Continue the process: Repeat steps 2-4. Multiply the quotient term (7x) by the divisor, subtract, and bring down the next term (40).

    x² + 7x   
x² + 3x - 5 | x⁴ + 10x³ + 8x² - 59x + 40 
               x⁴ + 3x³ - 5x² 
               ---------
                    7x³ + 13x² - 59x 
                    7x³ + 21x² - 35x
                    ---------
                         -8x² - 24x + 40

Final step: Repeat the division process one more time. Divide the leading term of the new dividend (-8x²) by the leading term of the divisor (x²).
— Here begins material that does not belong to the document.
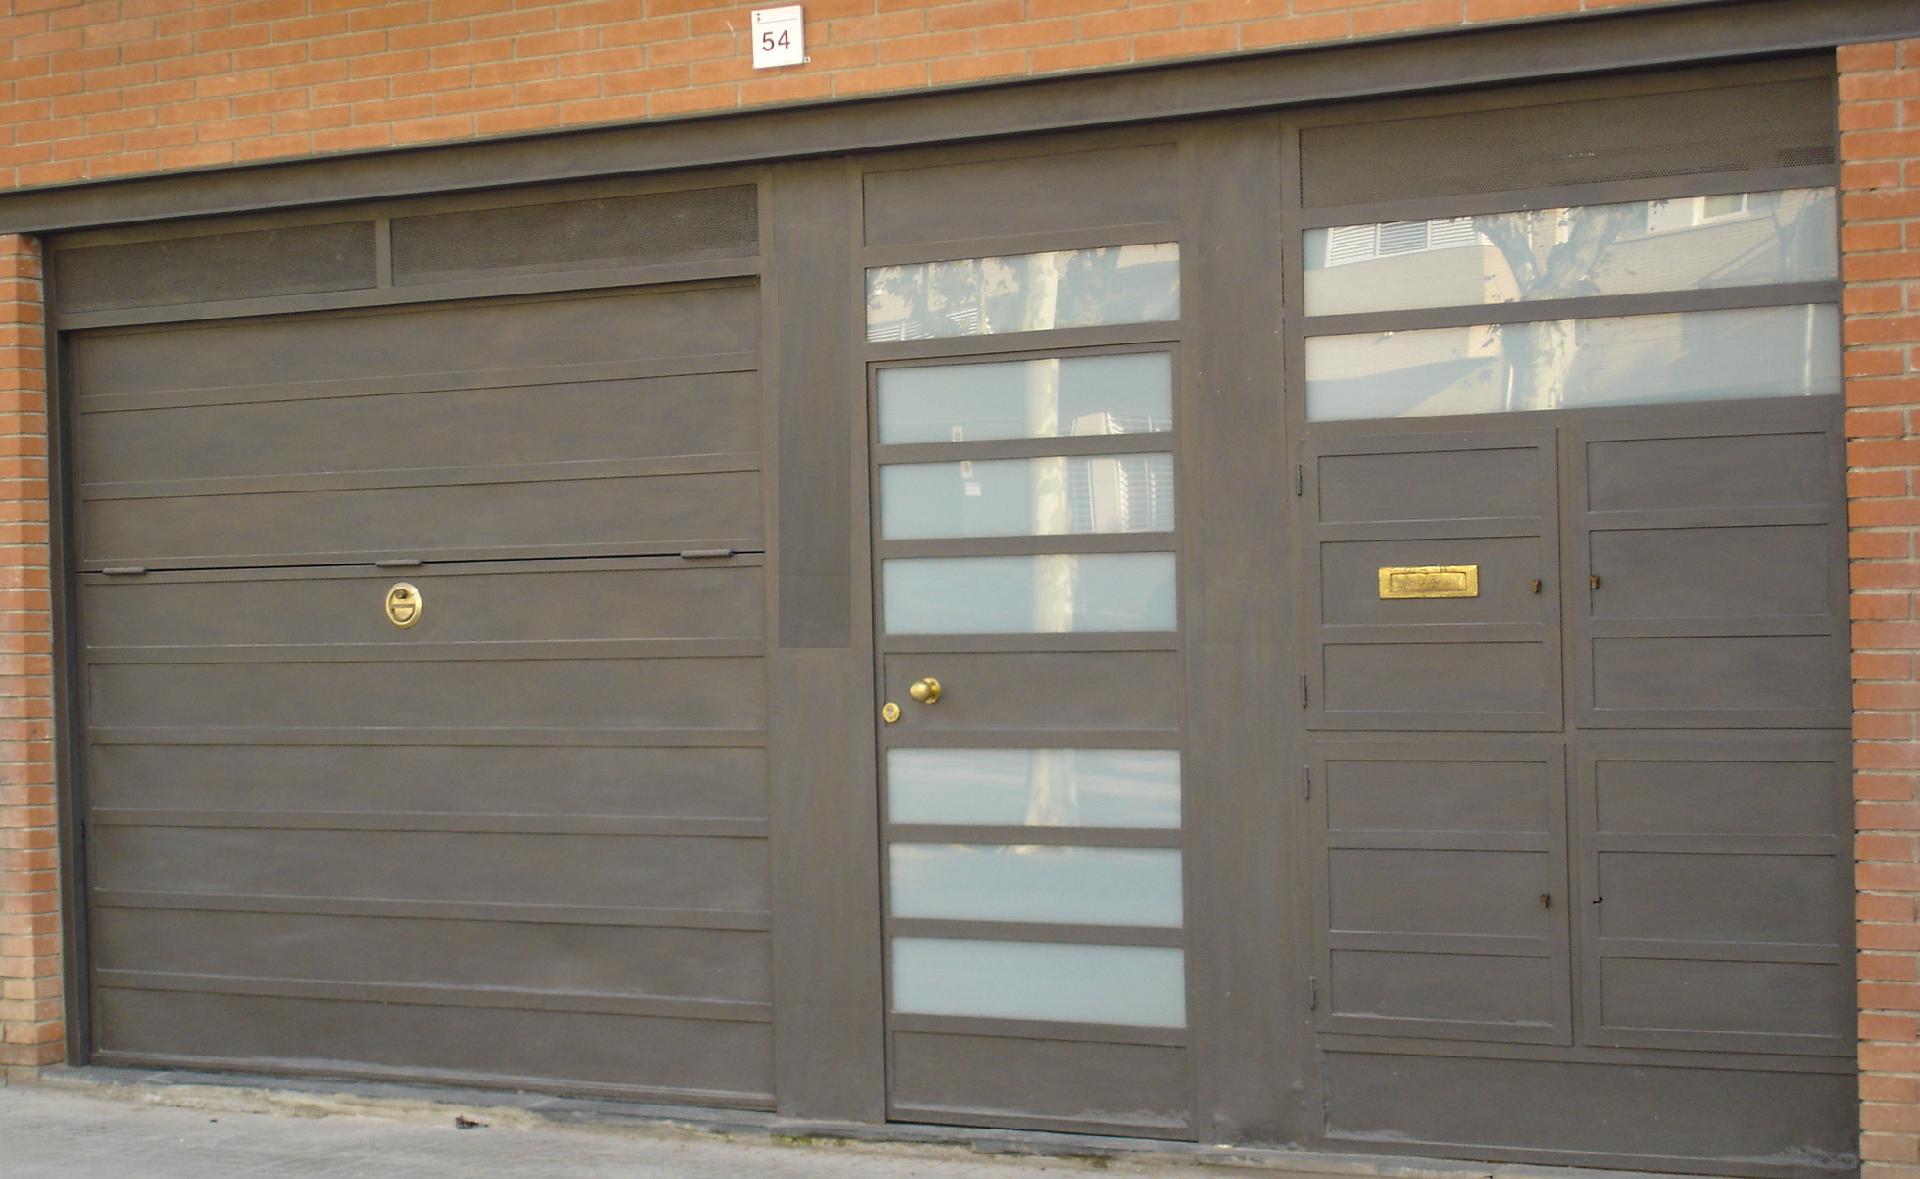 Puertas de garaje grupo inoxmetal construcciones met lica for Puertas metalicas
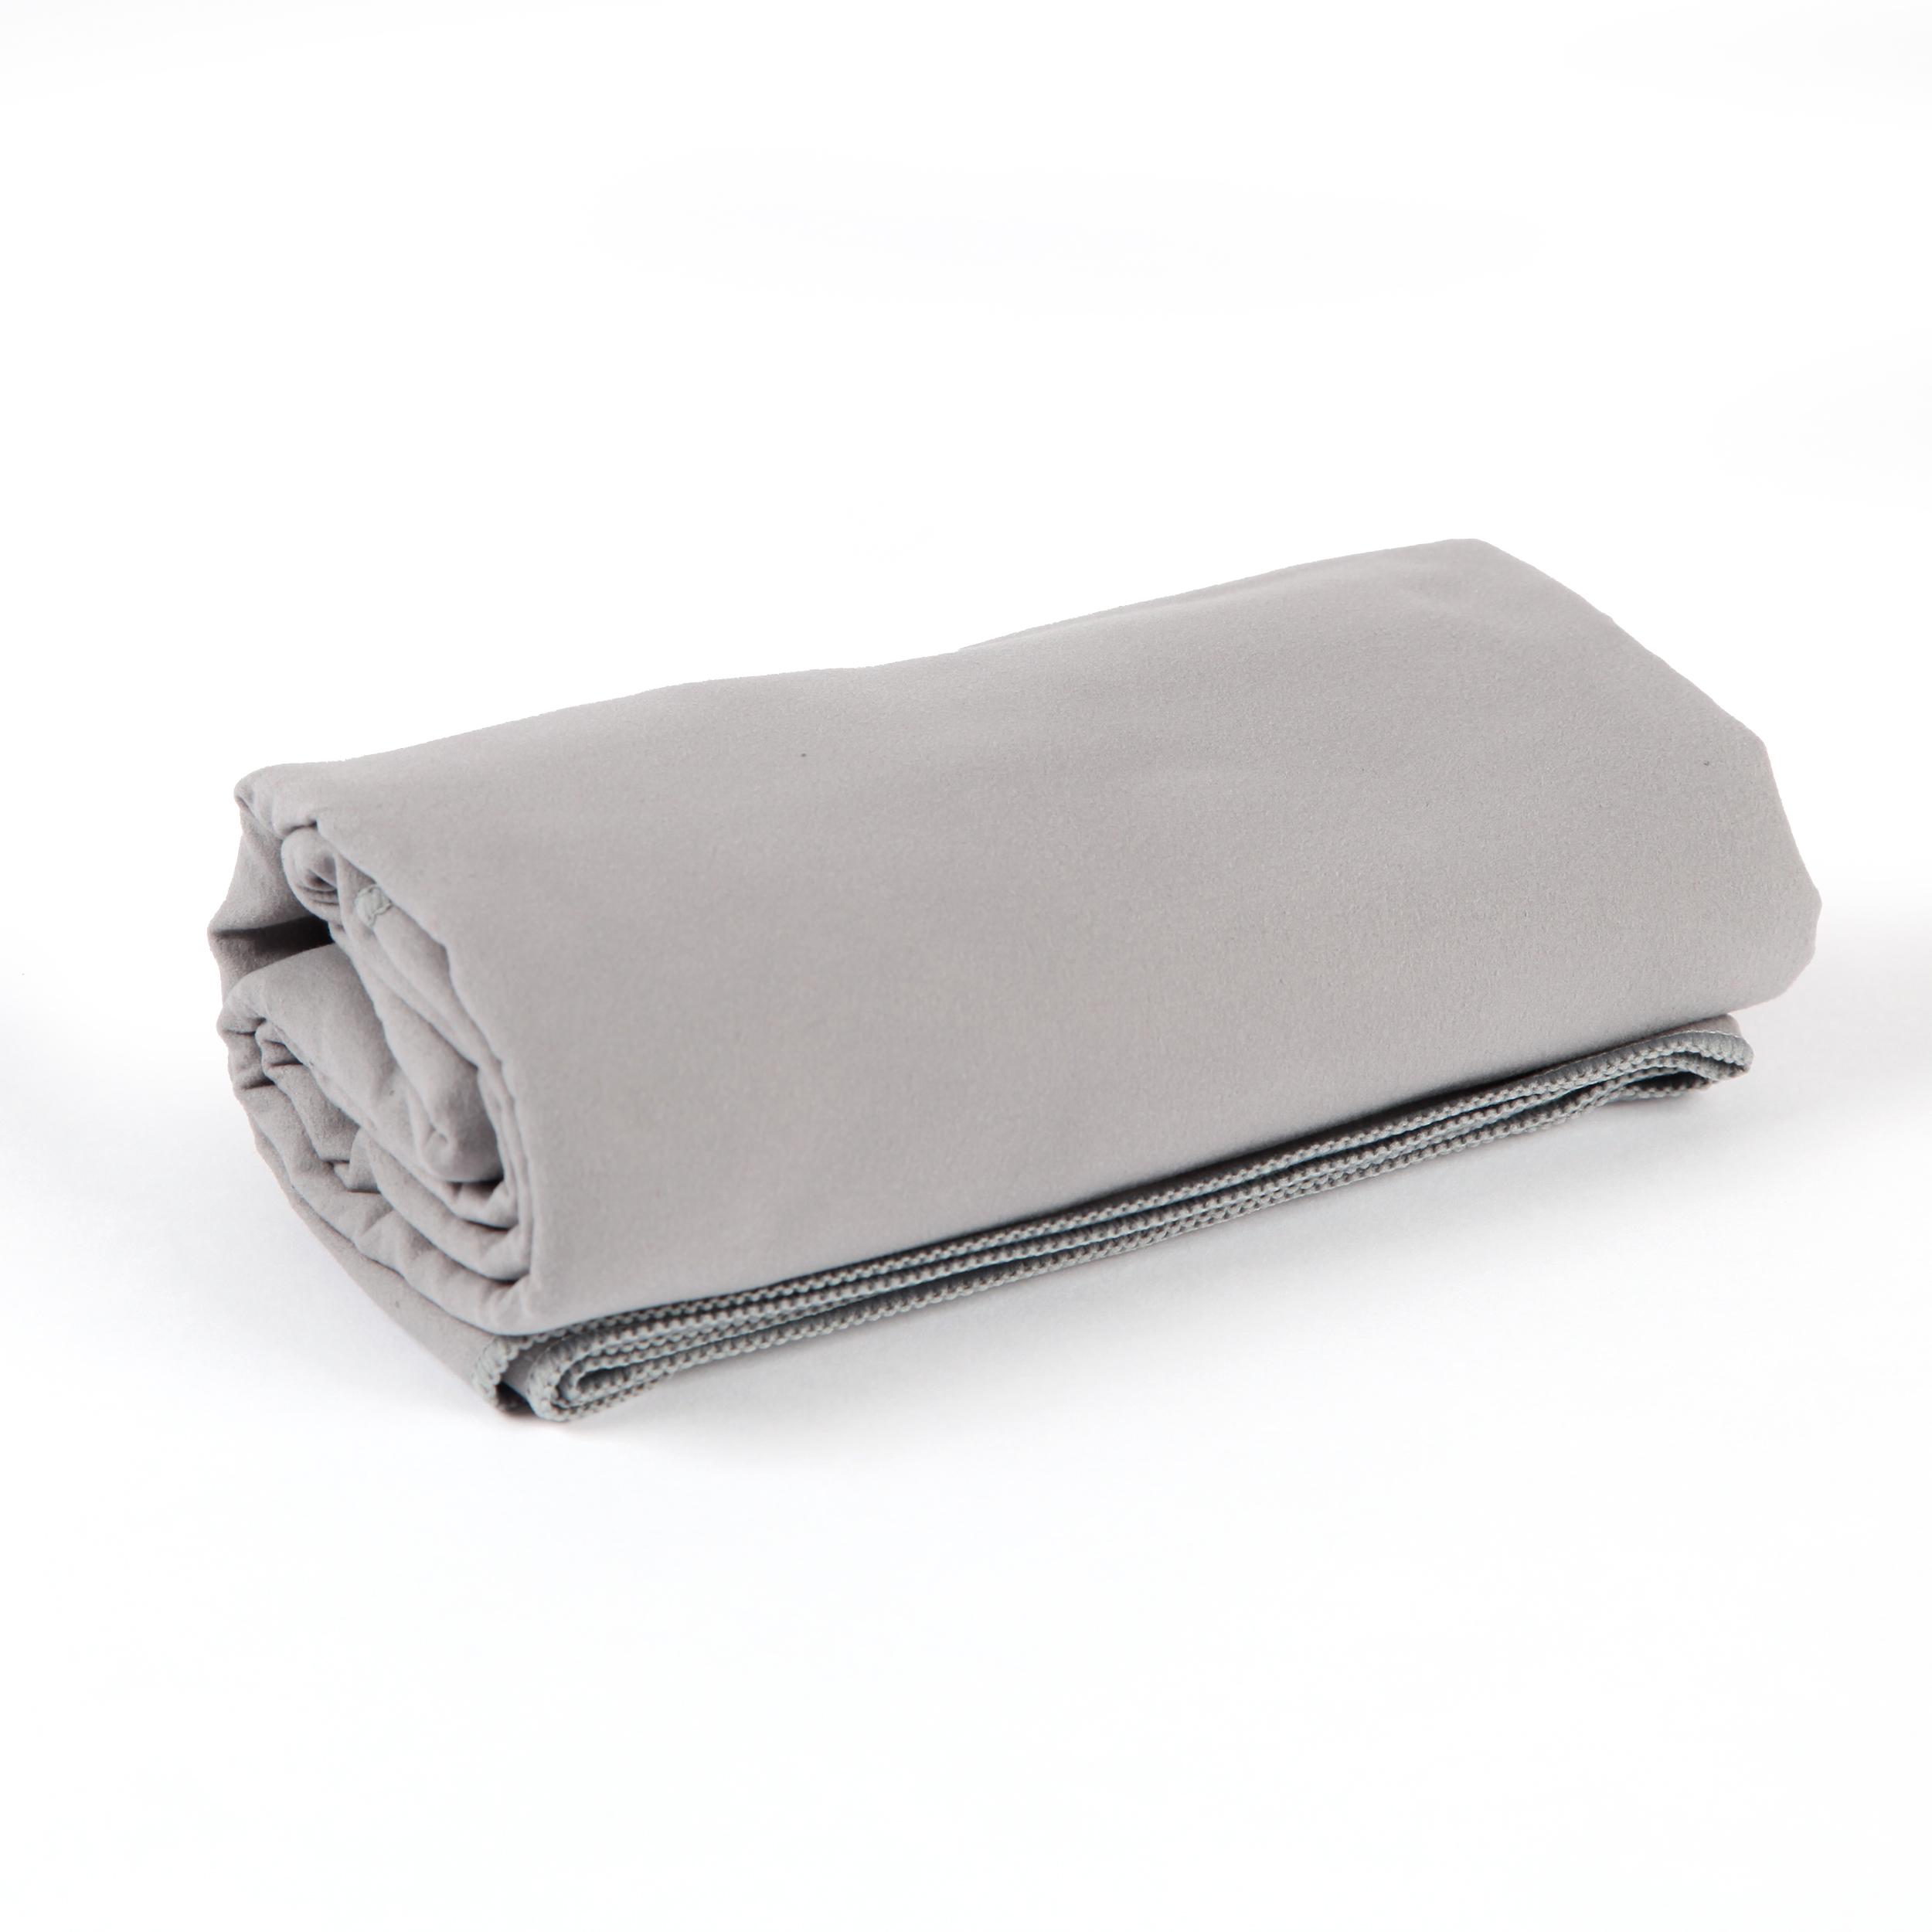 Ocean 5 Mega Dry Handtuch grey

This gives us -8. Write this quotient next to the previous one.

    x² + 7x - 8
x² + 3x - 5 | x⁴ + 10x³ + 8x² - 59x + 40 
               x⁴ + 3x³ - 5x² 
               ---------
                    7x³ + 13x² - 59x 
                    7x³ + 21x² - 35x
                    ---------
                         -8x² - 24x + 40
                         -8x² - 24x + 40 
                         ---------
                                 0

The Result

We have reached a remainder of 0. Therefore, the polynomial x⁴ + 10x³ + 8x² - 59x + 40 divided by x² + 3x - 5 is x² + 7x - 8.

Conclusion

Polynomial long division is a useful tool for dividing polynomials. It is essential to be careful with the signs when subtracting and to arrange the terms in descending order of their exponents.